Maya Angelou was a famous writer and civil rights activist; as such, her works are driven and passionate, written for a specific purpose. Her poems are often overlooked in favor of her more popular works such as her autobiographies and essays. Despite this lack of attention, Angelou's poems have important messages to convey, and they do so with striking force and clarity.
Angelou was most famously an activist for the rights of those suffering oppression, which she herself did in many forms during her lifetime, being an African-American woman who had been routinely sexually abused. Accordingly, many of her poems speak up for these oppressed people groups, and many do so with great clarity and vigor. Poems such as "On the Pulse of Morning" alert people to the oppression happening in the world, calling them to stop it: "You, created only a little lower than / The angels, have crouched too long in / The bruising darkness / Have lain too long / Facedown in ignorance, / Your mouths spilling words / Armed for slaughter."

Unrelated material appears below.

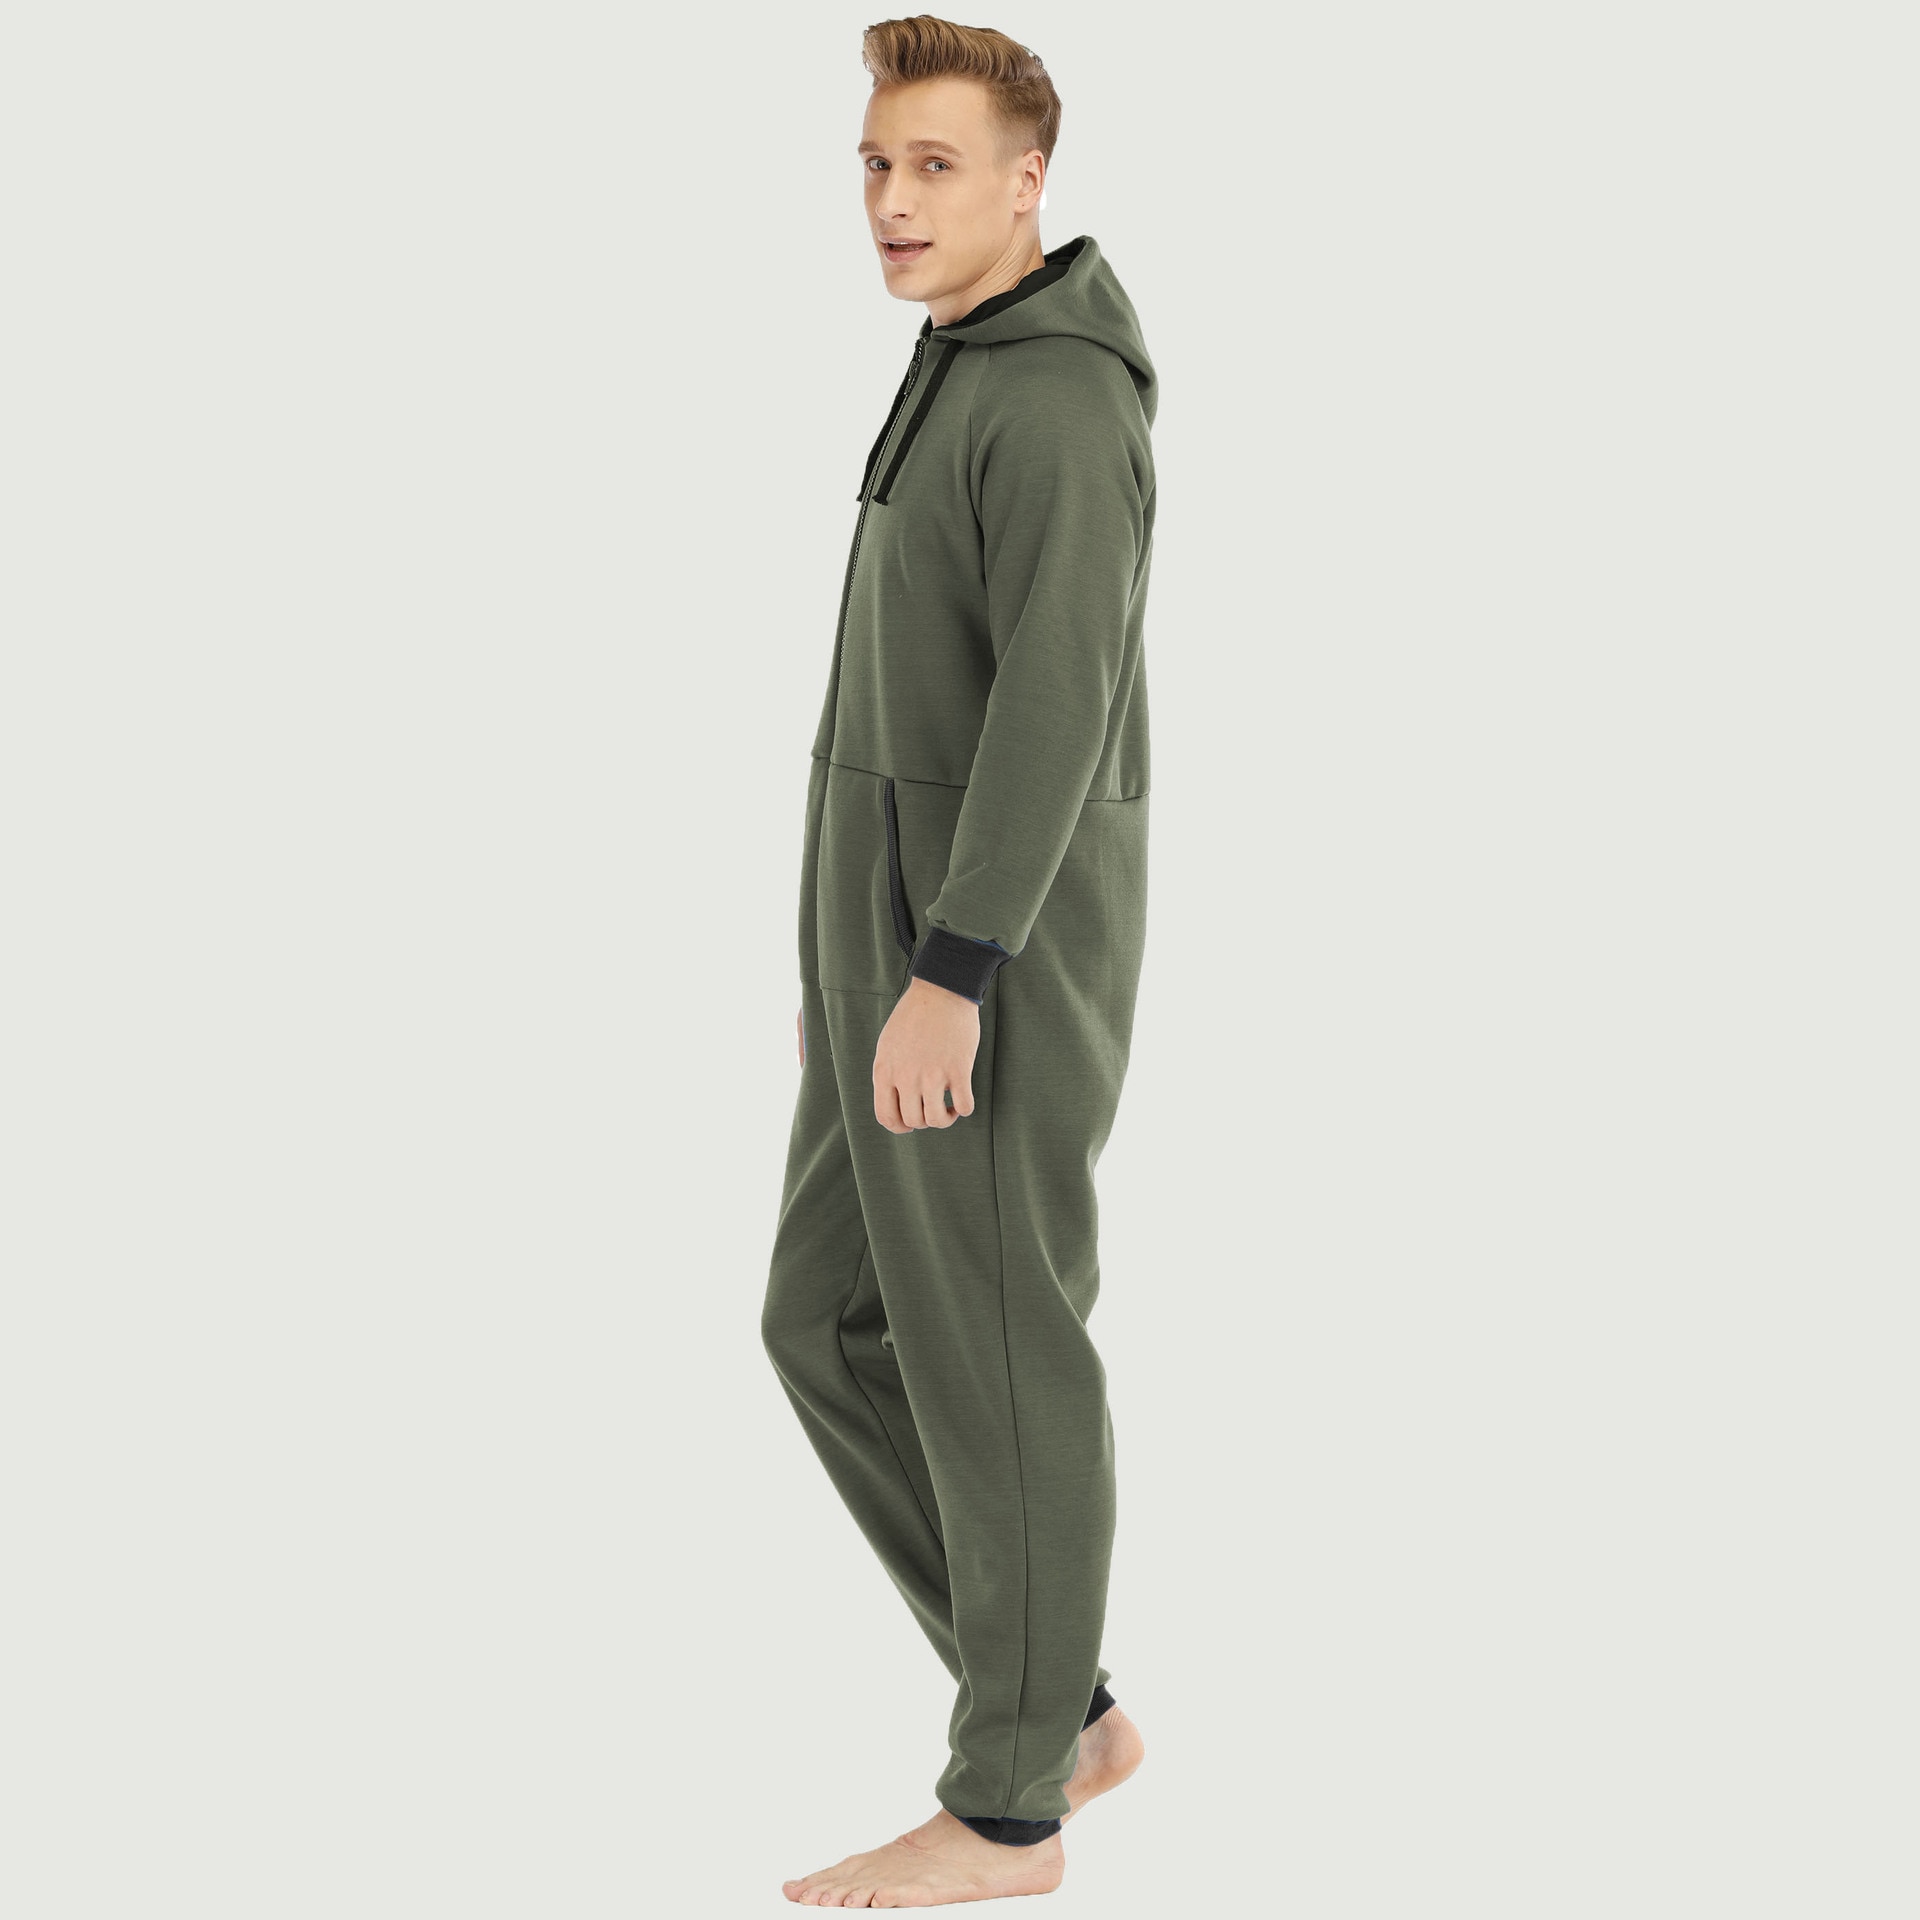 Jumpsuit Men Pajamas Solid Onesie Adults Autumn Winter Splicing Casual Hoodie Zipper Sleepwear Hooded Suits

Some, like "Harlem Hopscotch" and "Awaking in New York," give a brutally honest picture of the quality of life for African-American people living in the lower-end residences in the city. Others, such as "Phenomenal Woman," celebrate the power of womanhood in the face of gender discrimination. "Caged Bird" is a stunning description of a life lived under oppressive constraints, and "Still I Rise" is a powerful declaration of strength and perseverance, a call for those who are oppressed to rise up and a proclamation of the inevitability of a brighter tomorrow.
Angelou's poems may be under-appreciated, but they are certainly not without their merits, and they can be powerful tools for change in a world of injustice.